第24話 バスケ以前 体操部創立


 昭和29年4月、小学校4年勤務後,村の中学T中に赴任し驚いた。グランドが無く大きな池があった。校舎前 10m程しか土がない。木曽川の堤防補強のため校庭の土を3mほど掘って運んでしまったのである。赴任後、掘られた場所へは木曽川の川底の砂をサンドポンプで送って埋め、ついでに元の校庭の前にあった池も同時に埋め、その上に東側の校庭を掘った土をトロッコで運び砂の上に乗せ運動場ができた。吾々が生徒と共に土を足で踏んでグランドづくりをした。
校庭の東には幅50m余の川が流れていた。校舎前の狭い土の上を水泳部員が赤の褌をして堂々と闊歩していた。クラブと言えばこの水泳部のみが東側の鵜戸川で練習しており、県の1位を中京中と争っていた。当時平泳ぎ、自由形で全校1位の少年が2人いた。(この時代プールは何処にもなく郡内ではK中に水泳部があり池で練習していただけ)
郡市大会は種目も少なく、試合前に臨時に選手を集め特訓して参加していた。他校も大体同じ状態だった(運動能力の高い子は何種目かに出場)。当時体育主任だった私は(そのころは正規の体育免許状所有者無し、先輩教師は戦後2教科の好きな免許状を授与されていた。)運動場がないため私は狭い場所でもやれるもの、と言う考えで体操部を創立した。まず郡No.1の南陽中学(現在名古屋市)から男女1名を招いて、模範演技を全校生徒に見せた。教室兼講堂の部屋で。華麗な演技に生徒たちは驚嘆した。

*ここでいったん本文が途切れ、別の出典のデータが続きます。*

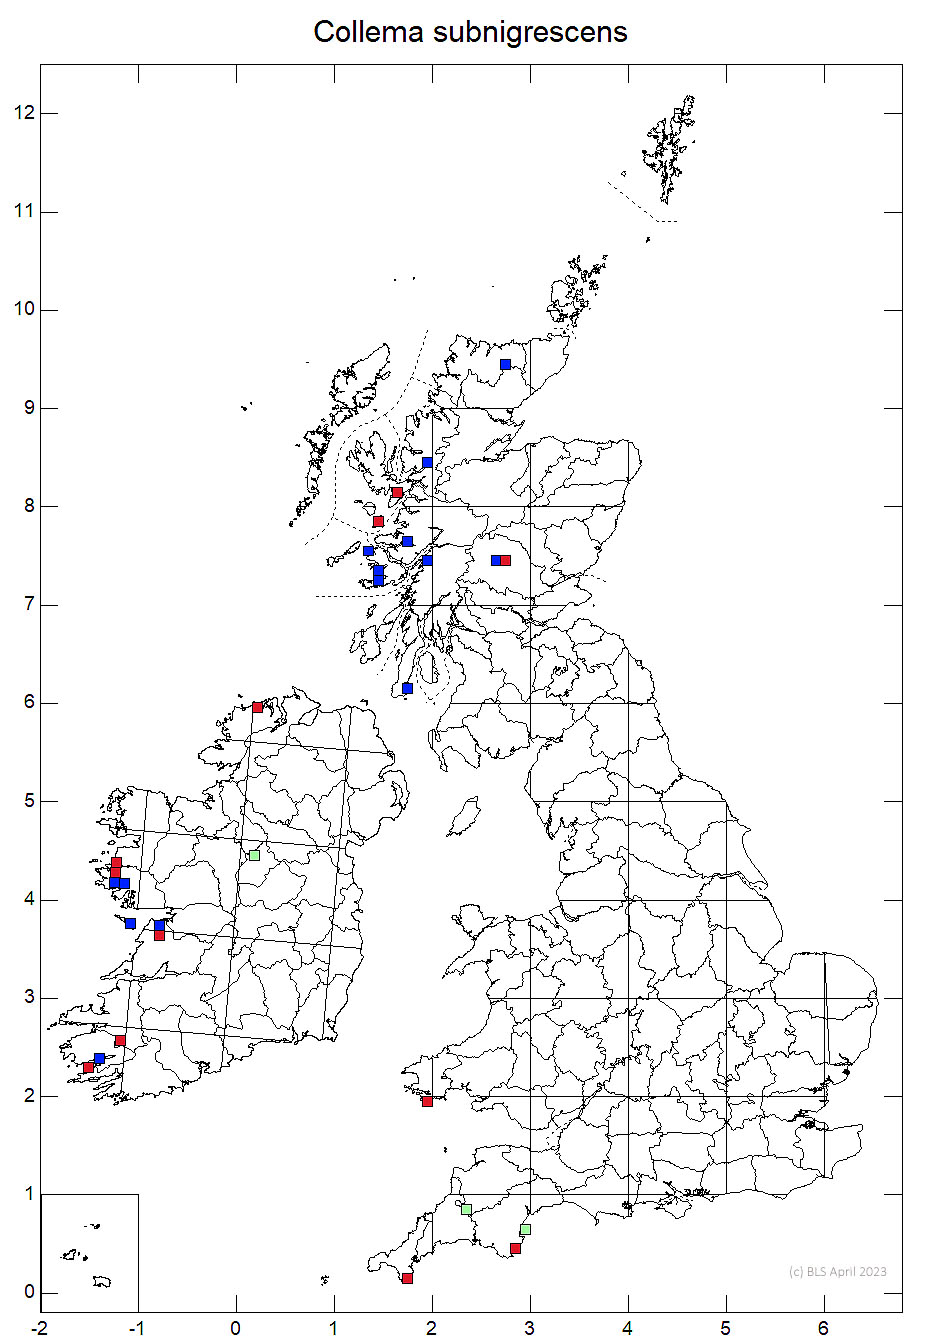 Collema subnigrescens 10km sq distribution map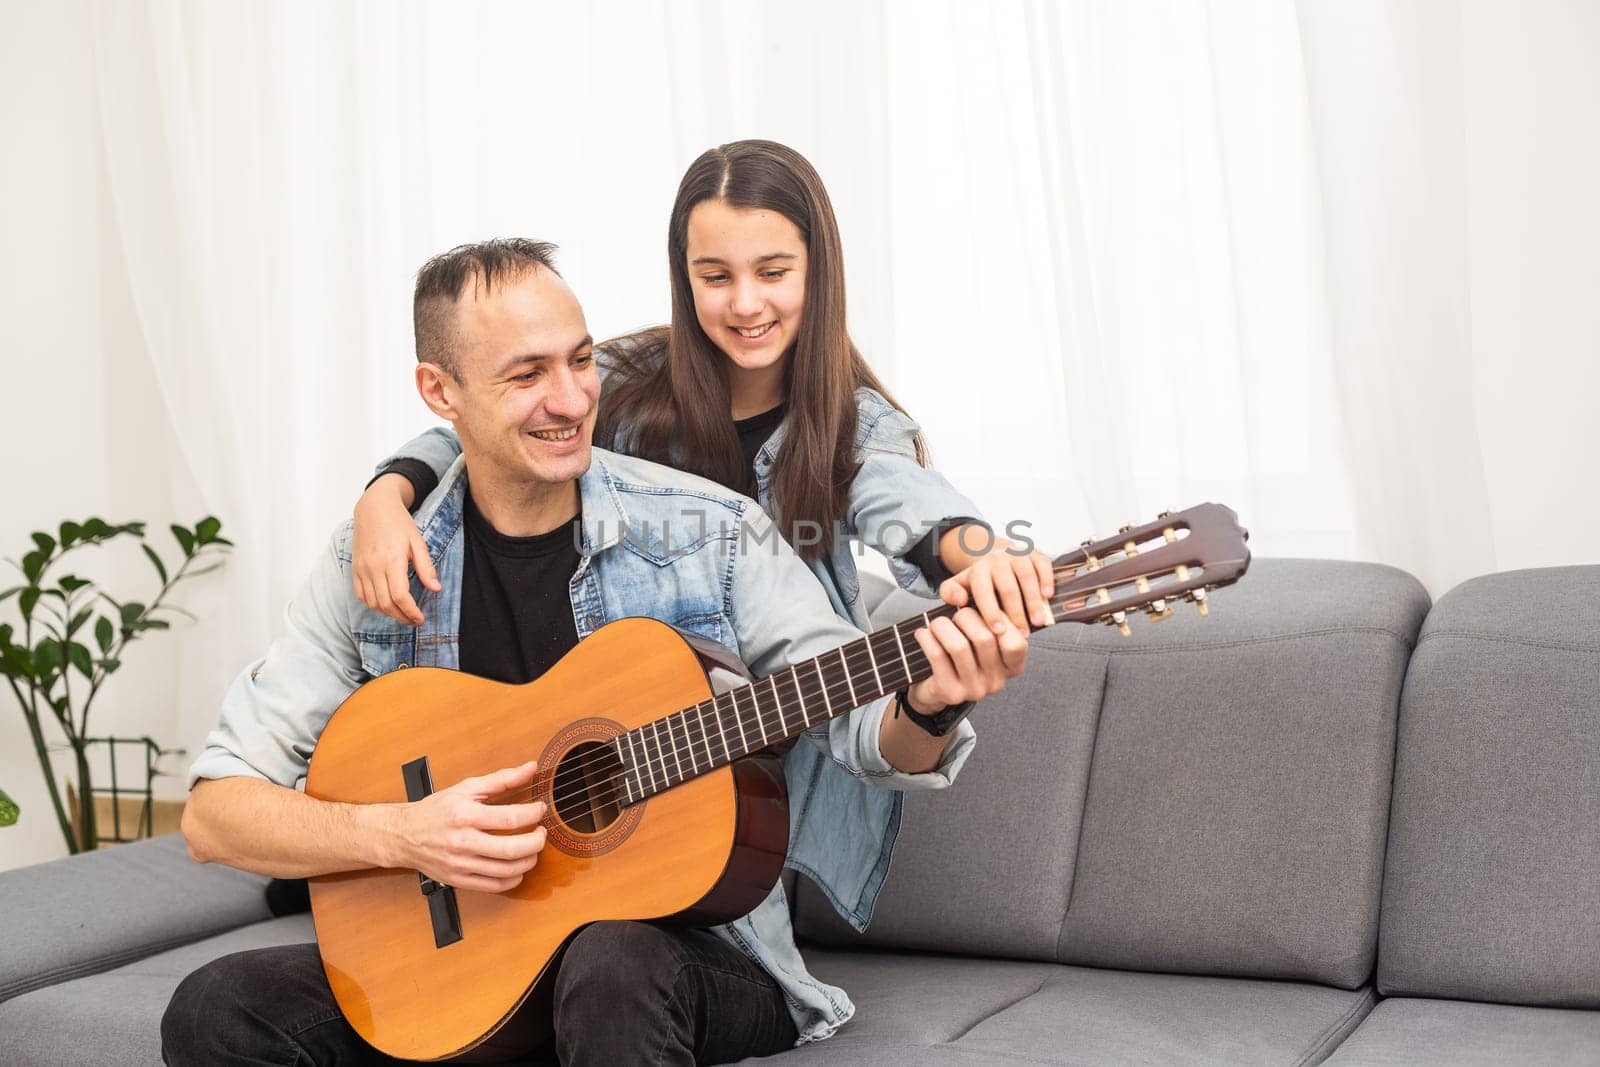 Guitar teacher teaching the little girl by Andelov13

 これが先鞭となって卓球部、庭球部、バレー部と組織化されていった。しかし当初は授業が終わると生徒たちはクラブをやらず帰る子が多かった。家の農業を手伝うために。私は校門に立って帰ろうとする生徒を引き留めたものだ。 この年の郡市の陸上競技大会でメンバーを選んでびっくり。男子3年生で百m14秒5ぐらい。大会でも0点。女子走り高跳びで2位がひとりのみ。
グランドがないとこんなにも体力は低下してしまうものだ。翌年女子2位、次の年優勝。以後T中が各部で大活躍する時代が始まる。体操部も大躍進し男女での優勝が続く。